Recording who loaded what, when, and with what outcome is what separates a trustworthy ELT pipeline from a black box. Auditing data loads in ELT lets you investigate errors quickly, prove where every number came from, and answer an audit without guessing.

Prerequisites

  • A SQL Server or Azure SQL database (the examples use T-SQL).
  • An existing target table that you load data into.
  • Permissions to create and alter tables (CREATE TABLE, ALTER TABLE).
  • Basic SQL knowledge: INSERT, UPDATE and SELECT.

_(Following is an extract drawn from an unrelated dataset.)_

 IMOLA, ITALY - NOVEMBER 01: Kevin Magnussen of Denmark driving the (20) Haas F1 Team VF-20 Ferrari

Step 1: Decide what to audit

Before writing any SQL, define the useful minimum. In an ELT load there are four questions that always matter: where the data came from, when it arrived, how many rows were processed, and whether the load finished successfully. We will answer all of them with two simple pieces: audit columns on each target table and a central log table that keeps the history of runs.

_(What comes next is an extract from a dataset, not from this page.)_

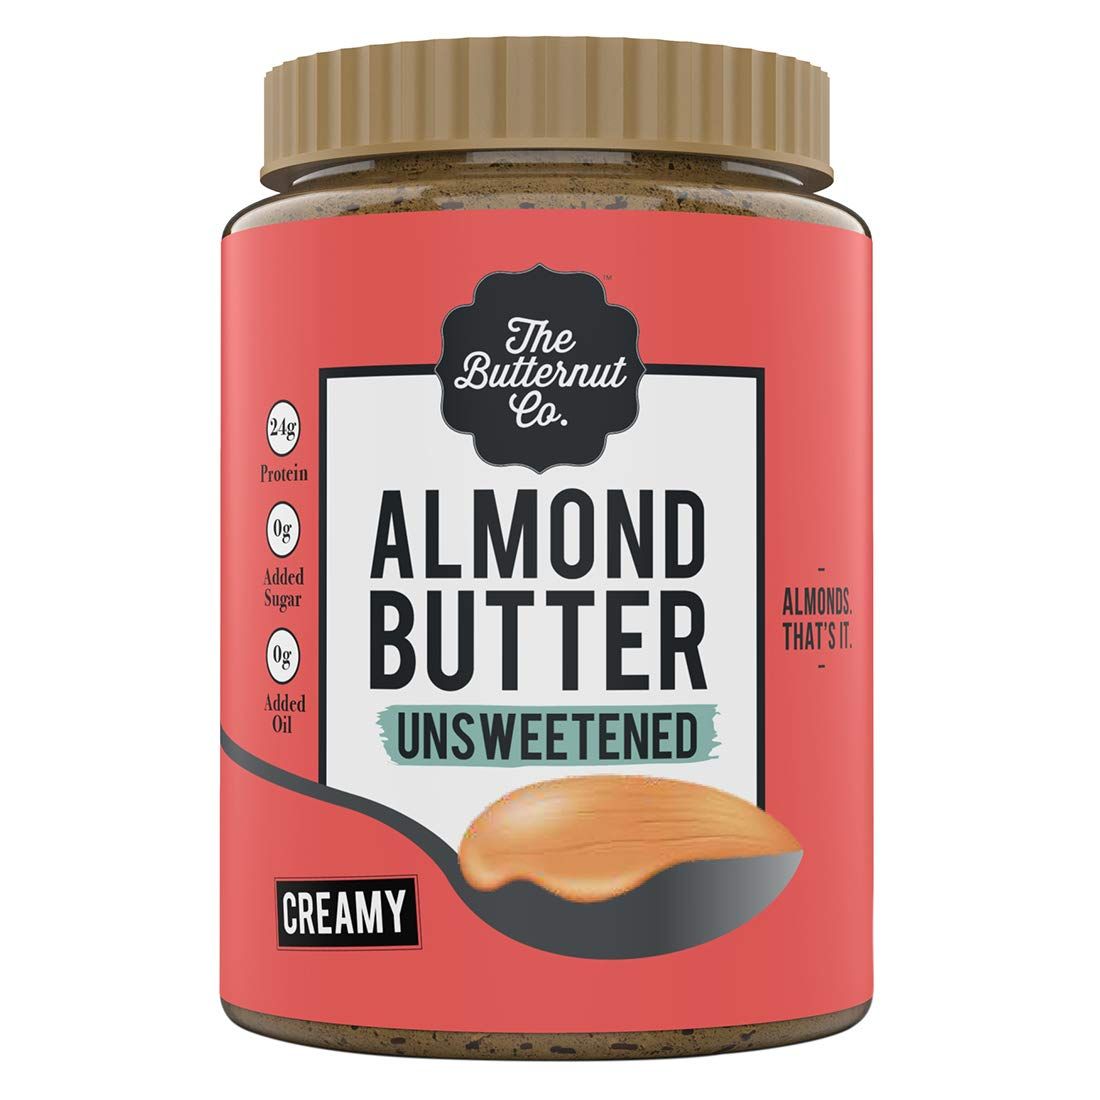 The Butternut Co Almond Butter Creamy Image

Keep the log table separate from your business data. That way you can archive or clean it without touching your business tables.

Step 2: Add audit columns to the target table

Audit columns travel with each row and tell you which load that row came from. Add a batch identifier, the load timestamp, and the source system.

ALTER TABLE vendas
    ADD batch_id       BIGINT,
        data_carga     DATETIME2,
        sistema_origem VARCHAR(50);

From now on, every loaded row is "stamped" and can be tied back to a specific run.

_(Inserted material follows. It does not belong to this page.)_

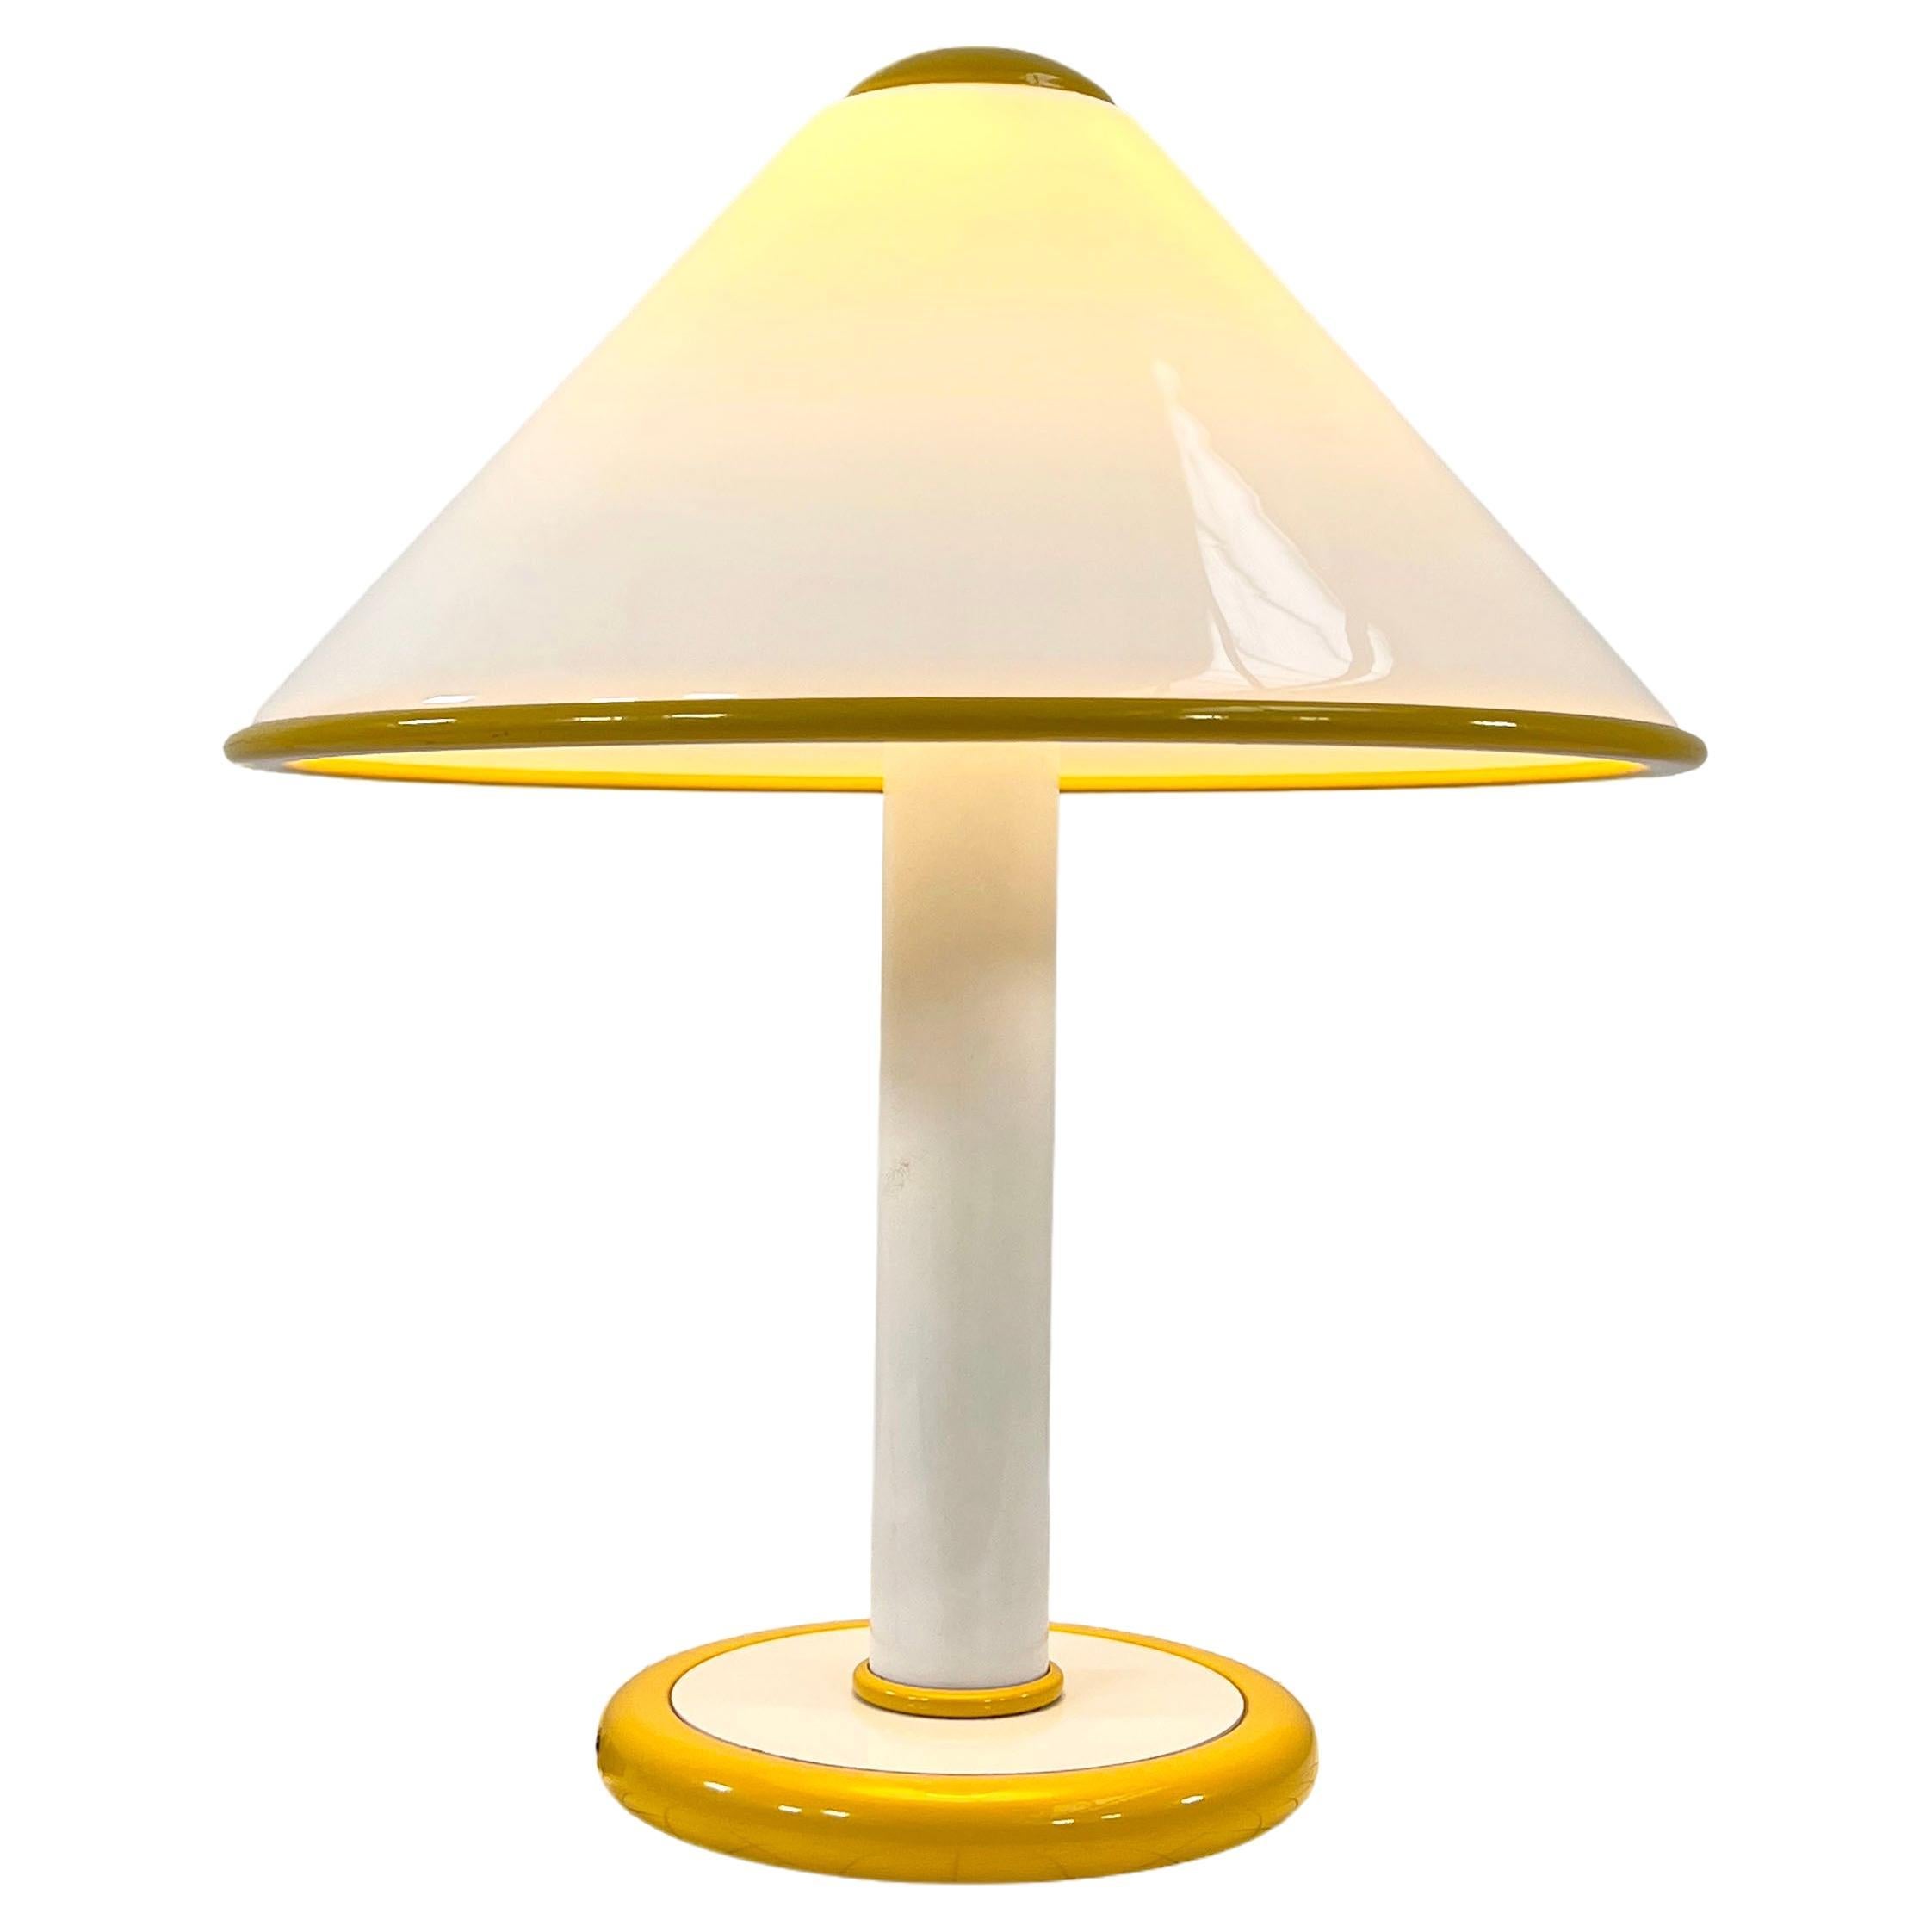 Yellow Mushroom Table Lamp in Murano Glass from F. Fabbian, 1980s

Step 3: Create the load log table

The log table is your pipeline's diary: one row per run. Create it only once.

CREATE TABLE etl_load_log (
    batch_id       BIGINT IDENTITY(1,1) PRIMARY KEY,
    tabela_destino VARCHAR(100),
    inicio         DATETIME2,
    fim            DATETIME2,
    linhas         INT,
    estado         VARCHAR(20)
);

Step 4: Record the start of the load

At the start of each load, we insert a row with the RUNNING status and keep the generated batch_id to reuse it in the next steps.

DECLARE @batch_id BIGINT;

INSERT INTO etl_load_log (tabela_destino, inicio, estado)
VALUES ('vendas', SYSDATETIME(), 'RUNNING');

SET @batch_id = SCOPE_IDENTITY();

Step 5: Load the data and stamp the rows

Now run your usual transformation and load, filling the audit columns with the current run's batch_id. Also store the number of inserted rows with @@ROWCOUNT.

DECLARE @linhas INT;

INSERT INTO vendas (id, valor, batch_id, data_carga, sistema_origem)
SELECT s.id, s.valor, @batch_id, SYSDATETIME(), 'loja_online'
FROM   staging_vendas AS s;

SET @linhas = @@ROWCOUNT;

Step 6: Close the record with the outcome

When the load finishes, we update the same log row with the end time, the number of affected rows, and the final status.

UPDATE etl_load_log
SET    fim    = SYSDATETIME(),
       linhas = @linhas,
       estado = 'SUCCESS'
WHERE  batch_id = @batch_id;

If any step fails, wrap the load in a TRY...CATCH block and write the FAILED status instead of SUCCESS. That way you tell the problem runs apart immediately.

Verify the result

Query the log table to see the history of recent loads. You should see one row per run, with start, end, row count, and the SUCCESS status.

SELECT batch_id, tabela_destino, inicio, fim, linhas, estado
FROM   etl_load_log
ORDER  BY batch_id DESC;

To confirm traceability, pick a batch_id and count the matching rows in the target table — the total should match the value stored in the log.

SELECT COUNT(*) FROM vendas WHERE batch_id = 1;

Conclusion

With audit columns and a log table you now know, for every row, where it came from and which load it entered in — the foundation for investigating errors and trusting the numbers you report. The natural next step is to build a small dashboard over etl_load_log showing failed loads and the average duration of each run. Which metric would be more useful to watch first in your pipeline: the loads that fail or the ones that take too long?